▸ **Data records**
• • • •
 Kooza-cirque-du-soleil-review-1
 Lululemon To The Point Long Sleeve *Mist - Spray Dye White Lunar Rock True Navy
• • • •
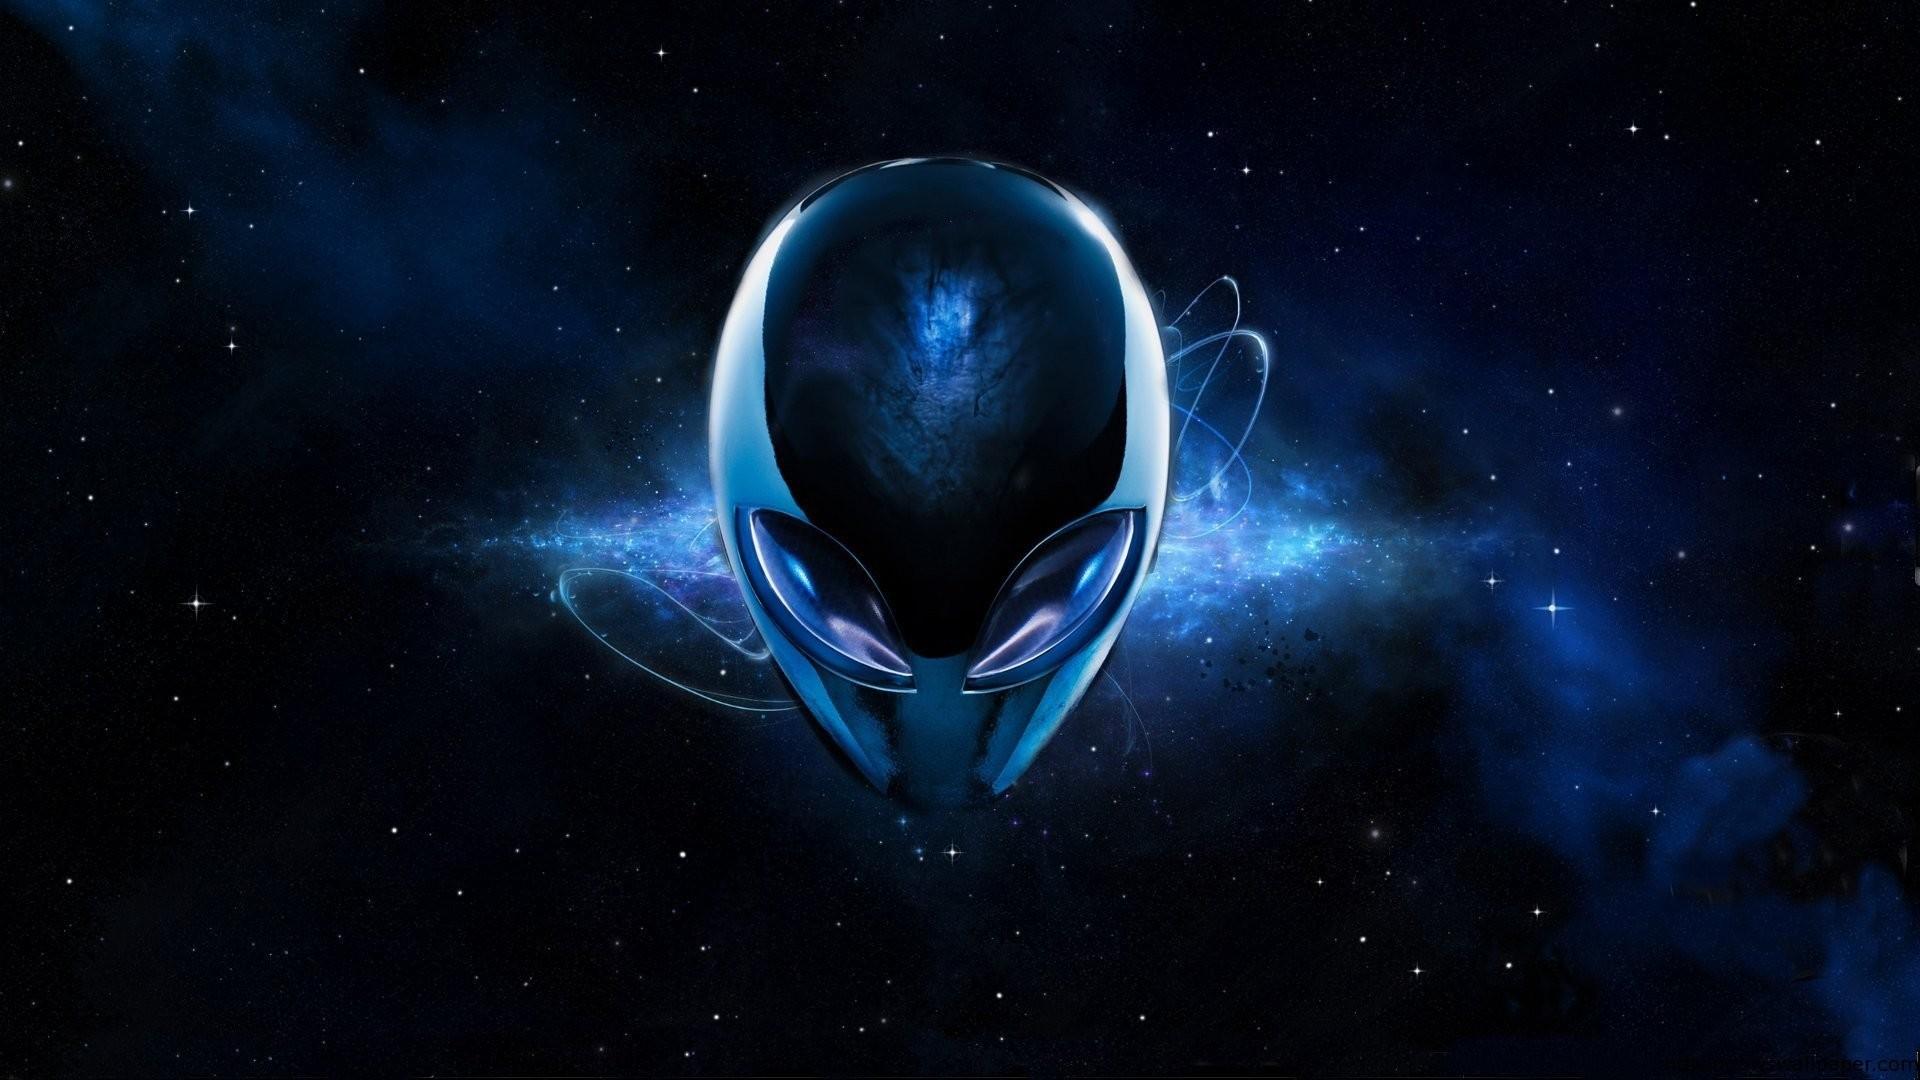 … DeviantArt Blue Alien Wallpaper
• • • •
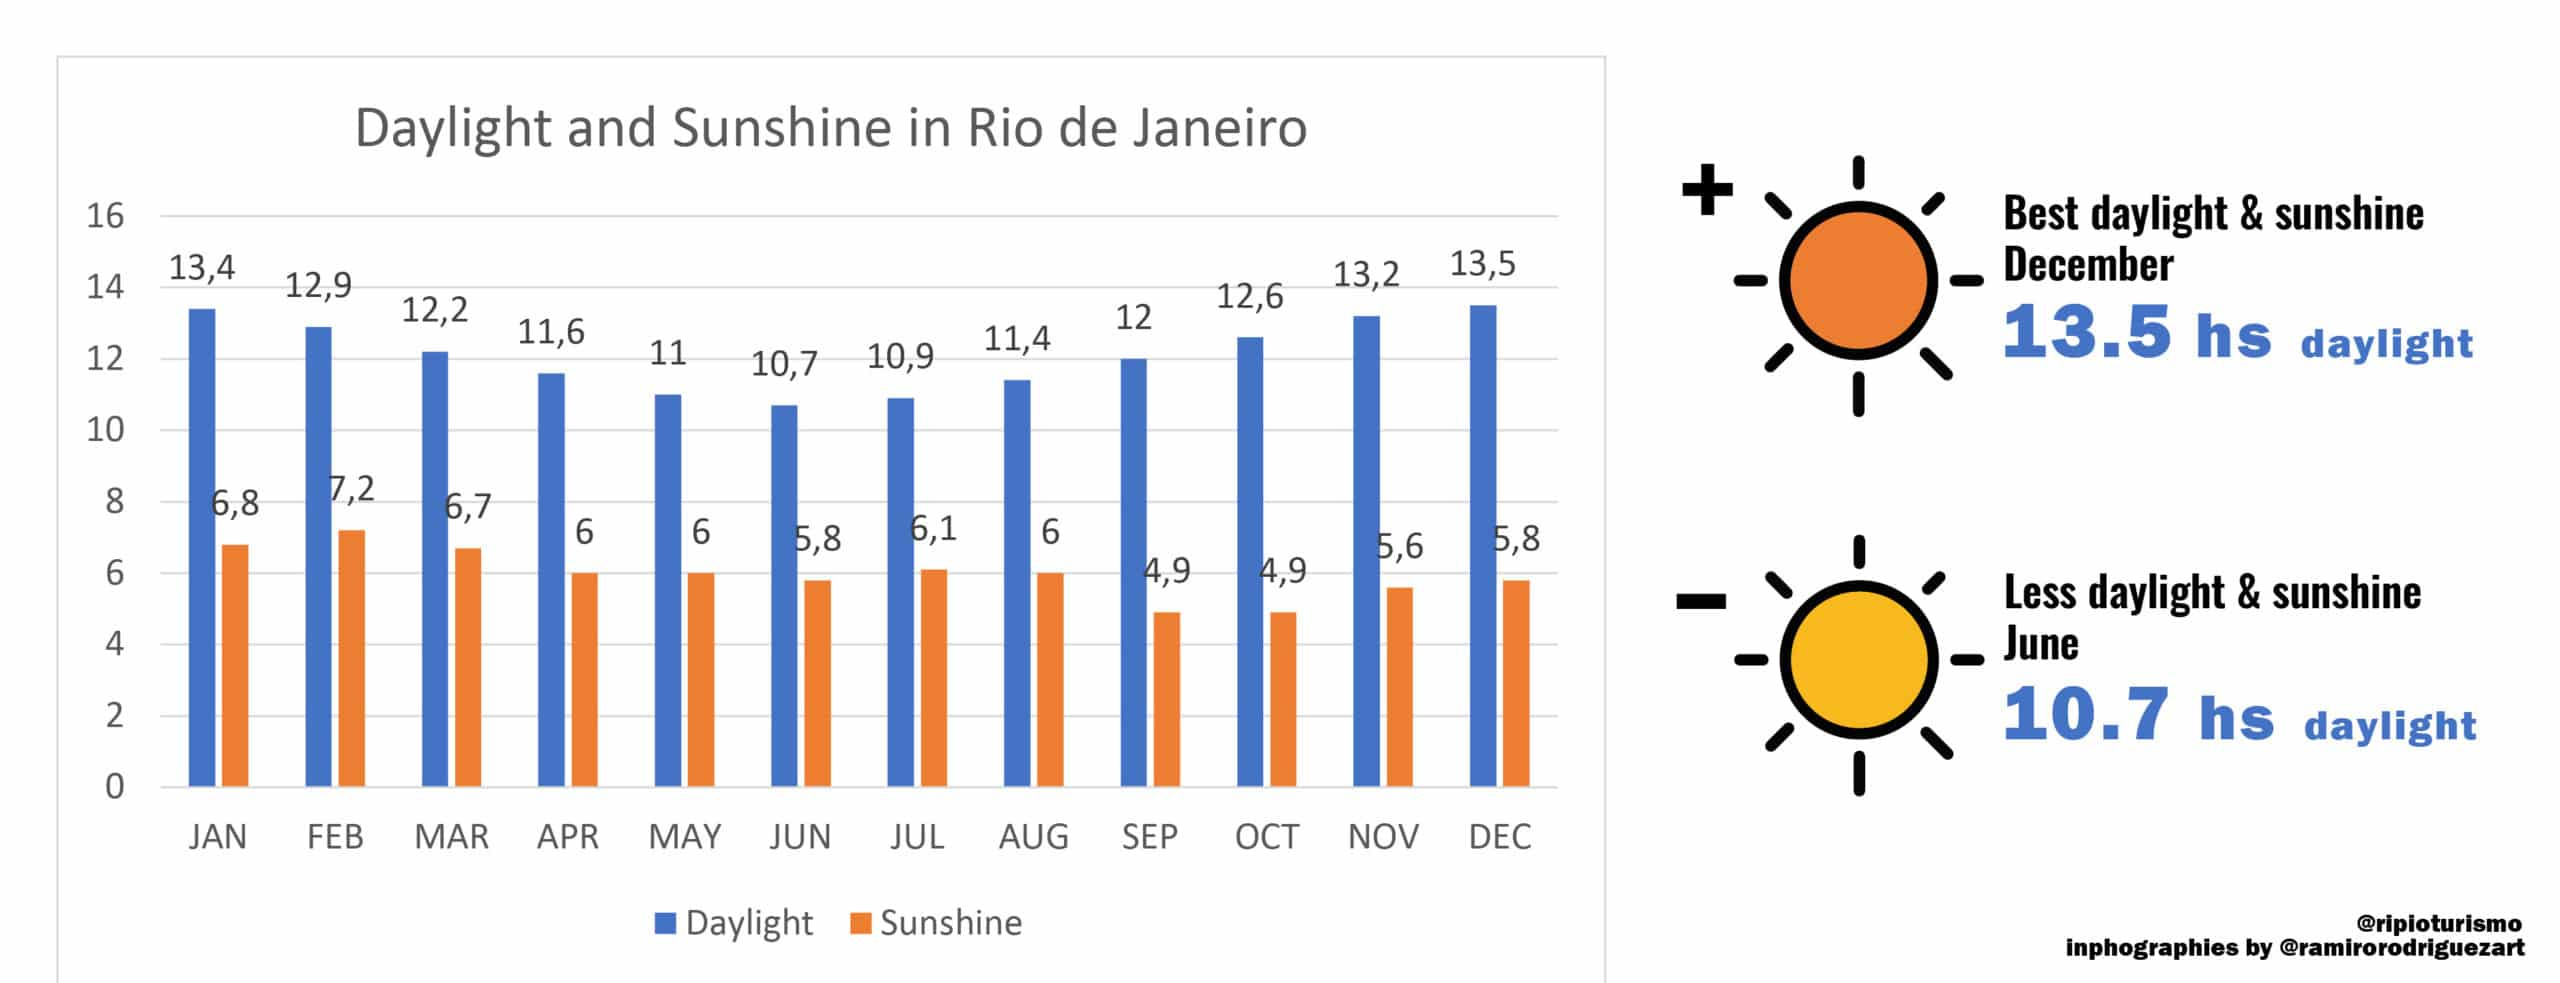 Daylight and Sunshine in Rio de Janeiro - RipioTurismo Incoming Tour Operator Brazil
• • • •
For this exercise, please output exactly the lines above starting at the line with "Kooza-cirque-du-soleil-review-1" and ending at the line with "Lululemon To The", ends included.

 Kooza-cirque-du-soleil-review-1
 Lululemon To The Point Long Sleeve *Mist - Spray Dye White Lunar Rock True Navy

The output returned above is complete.